Stored items
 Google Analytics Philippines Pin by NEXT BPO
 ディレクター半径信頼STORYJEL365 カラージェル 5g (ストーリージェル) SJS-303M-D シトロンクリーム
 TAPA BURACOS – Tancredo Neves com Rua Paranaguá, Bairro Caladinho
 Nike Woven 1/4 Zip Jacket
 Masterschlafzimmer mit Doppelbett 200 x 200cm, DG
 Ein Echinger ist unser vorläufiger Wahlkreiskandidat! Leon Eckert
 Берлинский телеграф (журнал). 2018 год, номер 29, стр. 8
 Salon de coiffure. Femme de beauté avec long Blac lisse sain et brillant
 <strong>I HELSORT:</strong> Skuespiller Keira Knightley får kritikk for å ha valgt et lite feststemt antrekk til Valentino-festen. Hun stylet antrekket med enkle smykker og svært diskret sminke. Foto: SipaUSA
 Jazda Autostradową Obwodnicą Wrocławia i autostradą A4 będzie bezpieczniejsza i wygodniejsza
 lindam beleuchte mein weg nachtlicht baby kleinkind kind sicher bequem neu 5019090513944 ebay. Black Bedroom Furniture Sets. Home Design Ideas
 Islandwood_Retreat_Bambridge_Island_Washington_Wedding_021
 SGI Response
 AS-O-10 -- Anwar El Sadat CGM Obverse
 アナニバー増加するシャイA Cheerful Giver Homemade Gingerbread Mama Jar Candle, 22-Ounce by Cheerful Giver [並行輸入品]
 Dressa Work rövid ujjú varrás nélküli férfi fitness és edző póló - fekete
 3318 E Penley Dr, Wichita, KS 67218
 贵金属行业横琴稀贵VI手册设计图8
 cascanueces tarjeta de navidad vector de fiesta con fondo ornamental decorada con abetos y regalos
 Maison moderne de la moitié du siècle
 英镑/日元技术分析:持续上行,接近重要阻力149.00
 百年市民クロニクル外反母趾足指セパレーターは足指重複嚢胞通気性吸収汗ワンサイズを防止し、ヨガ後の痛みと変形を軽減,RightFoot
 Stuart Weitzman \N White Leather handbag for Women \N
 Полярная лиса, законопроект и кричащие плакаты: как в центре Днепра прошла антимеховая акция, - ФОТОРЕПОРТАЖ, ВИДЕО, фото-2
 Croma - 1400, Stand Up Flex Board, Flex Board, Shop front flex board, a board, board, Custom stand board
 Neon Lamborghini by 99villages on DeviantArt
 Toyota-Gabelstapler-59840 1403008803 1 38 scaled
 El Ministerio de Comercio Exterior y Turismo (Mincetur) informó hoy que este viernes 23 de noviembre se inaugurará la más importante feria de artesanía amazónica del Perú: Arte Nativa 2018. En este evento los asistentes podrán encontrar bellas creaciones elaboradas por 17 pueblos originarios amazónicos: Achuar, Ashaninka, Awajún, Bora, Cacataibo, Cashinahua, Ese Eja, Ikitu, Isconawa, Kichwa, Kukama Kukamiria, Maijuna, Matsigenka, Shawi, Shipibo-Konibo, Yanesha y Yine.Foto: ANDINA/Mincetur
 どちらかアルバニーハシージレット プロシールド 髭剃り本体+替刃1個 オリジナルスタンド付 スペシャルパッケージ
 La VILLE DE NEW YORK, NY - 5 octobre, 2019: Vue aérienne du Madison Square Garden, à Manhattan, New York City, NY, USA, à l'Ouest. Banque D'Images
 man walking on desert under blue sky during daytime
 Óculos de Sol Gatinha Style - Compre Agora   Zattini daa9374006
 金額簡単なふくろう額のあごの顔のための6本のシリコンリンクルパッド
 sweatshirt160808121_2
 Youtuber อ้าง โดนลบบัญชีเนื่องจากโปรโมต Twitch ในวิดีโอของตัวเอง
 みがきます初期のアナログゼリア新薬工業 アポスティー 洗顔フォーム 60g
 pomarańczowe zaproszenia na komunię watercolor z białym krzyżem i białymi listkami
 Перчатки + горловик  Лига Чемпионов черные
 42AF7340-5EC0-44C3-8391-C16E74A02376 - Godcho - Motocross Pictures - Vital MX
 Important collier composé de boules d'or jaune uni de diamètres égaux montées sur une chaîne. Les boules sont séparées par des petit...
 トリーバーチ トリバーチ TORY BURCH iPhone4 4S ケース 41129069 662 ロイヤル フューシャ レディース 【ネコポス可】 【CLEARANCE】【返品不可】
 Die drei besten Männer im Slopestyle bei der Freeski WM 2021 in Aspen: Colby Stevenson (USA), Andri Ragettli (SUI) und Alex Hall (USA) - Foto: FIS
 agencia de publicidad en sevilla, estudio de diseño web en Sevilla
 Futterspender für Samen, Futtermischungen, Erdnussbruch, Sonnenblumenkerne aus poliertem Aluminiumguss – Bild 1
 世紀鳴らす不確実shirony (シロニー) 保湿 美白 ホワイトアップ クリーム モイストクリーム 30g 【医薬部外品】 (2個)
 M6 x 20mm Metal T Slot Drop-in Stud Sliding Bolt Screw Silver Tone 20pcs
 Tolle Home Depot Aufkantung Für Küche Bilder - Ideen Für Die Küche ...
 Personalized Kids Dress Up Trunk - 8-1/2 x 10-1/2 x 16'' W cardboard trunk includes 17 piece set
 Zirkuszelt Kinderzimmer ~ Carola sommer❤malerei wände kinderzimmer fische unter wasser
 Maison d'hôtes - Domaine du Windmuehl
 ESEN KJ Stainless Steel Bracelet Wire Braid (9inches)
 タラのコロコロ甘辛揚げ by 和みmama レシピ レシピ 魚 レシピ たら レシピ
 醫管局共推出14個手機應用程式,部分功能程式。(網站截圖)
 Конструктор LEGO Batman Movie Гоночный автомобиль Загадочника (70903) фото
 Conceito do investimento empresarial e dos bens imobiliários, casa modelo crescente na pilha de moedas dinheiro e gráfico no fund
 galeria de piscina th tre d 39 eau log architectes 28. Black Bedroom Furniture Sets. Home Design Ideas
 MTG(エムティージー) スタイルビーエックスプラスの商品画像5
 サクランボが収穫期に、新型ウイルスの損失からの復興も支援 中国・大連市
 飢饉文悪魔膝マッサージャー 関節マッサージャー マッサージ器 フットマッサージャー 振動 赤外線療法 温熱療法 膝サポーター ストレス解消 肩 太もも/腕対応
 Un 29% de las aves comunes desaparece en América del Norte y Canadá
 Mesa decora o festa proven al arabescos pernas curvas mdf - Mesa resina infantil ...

• [EXERCISE AIM] Gather each line in these records that contains the string "Ideas".

• [SOLUTION TO THE PROBLEM]
 lindam beleuchte mein weg nachtlicht baby kleinkind kind sicher bequem neu 5019090513944 ebay. Black Bedroom Furniture Sets. Home Design Ideas
 galeria de piscina th tre d 39 eau log architectes 28. Black Bedroom Furniture Sets. Home Design Ideas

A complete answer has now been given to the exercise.